Greetings,
I have stumbled upon a problem with SNP discovery process with samtools/bcftools pipeline. We have introduced an N ambigious nucleotide in every position of our reference where at least one of our sample had variant site, so we could mapp also distant species and receive set of SNP for those N positions. Unfortunately we have not found and option to keep ambiguous sites with bcftools view option, only bcftools call option allows to keep such position. With second option there is a serious glitch in the program. Even ratios 1:100 between alternate alleles are considered to be ok and there is no option to filter them out, vcfutills filters out also those N position without any options to keep them. Thank you for your ideas.
Best regards
Jan Roslein
how about calling ALL positions of the ref (don't output only variants ) ?
Thank you for your answer. Unfortunately problem not with output of bcftools vcf format since it does write major, alternate and minor SNP in contrast to reference even if it is N, but heterozygosity is not solved (no likelihood or pVal). GATK's output gives you all positions but when reference == ! 'N' it considers it mistake (authors claim, current version does not support N in reference). I tried bcftools, GATK and freebayes nothing solves the problem...
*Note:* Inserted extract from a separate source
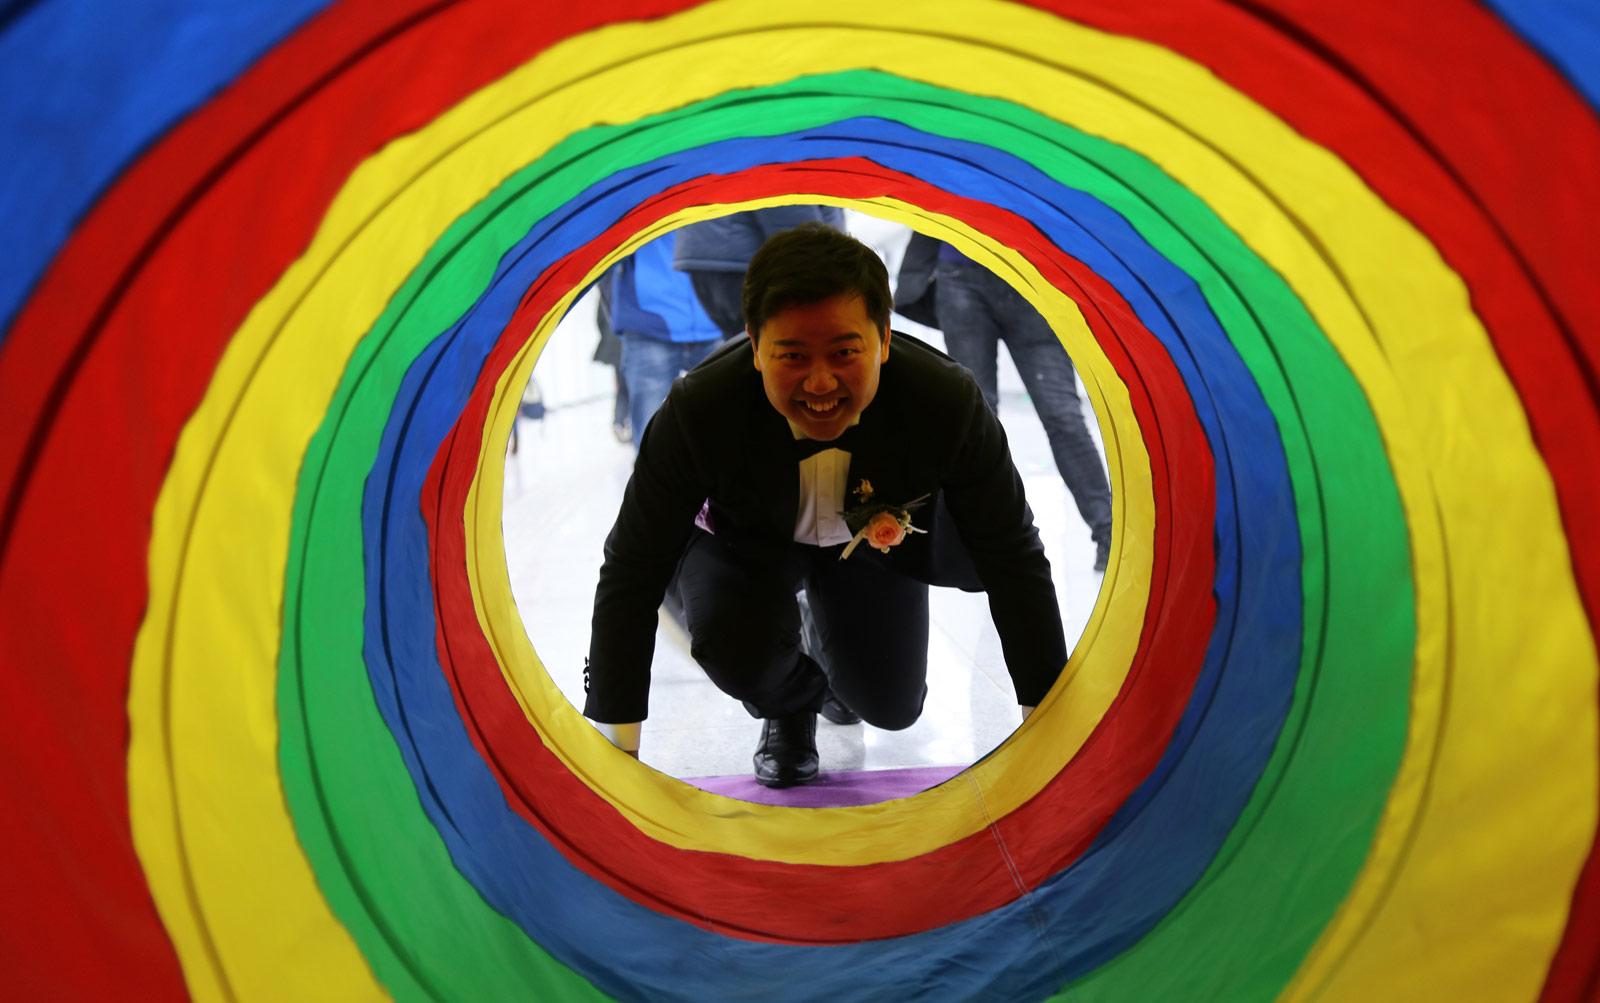 在当天集体婚礼上,新人们做游戏、拍合影、送喜糖,和市民一起分享自己的幸福。图为新郎参加穿越幸福隧道游戏。(连迅 摄)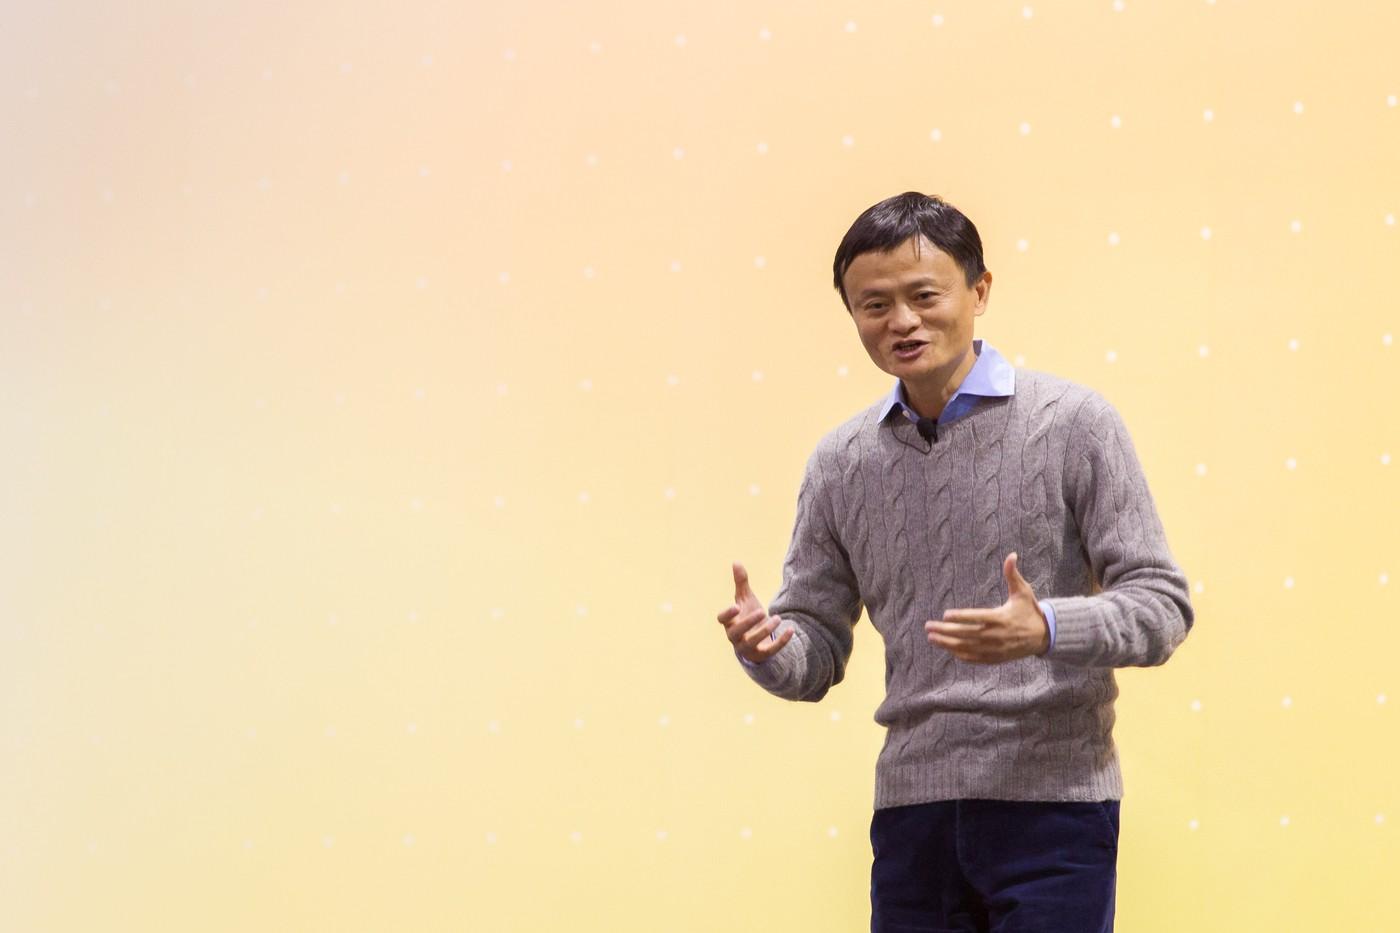 馬雲首次創業公開課:沒有一種變態的執著和熱愛,後面孤獨的道路你走不下去

You should try the RTG pipeline, we recently added support for calling at sites where the reference is N (either single positions or longer blocks). We do not compute QUAL or GL in cases where the reference allele is N (since these are not well defined in this case), but do compute GQ to score the likelihood of the call in comparison to the non-N hypotheses considered.
Wouldn't the simplest solution be to map to the raw reference instead of masking it with Ns?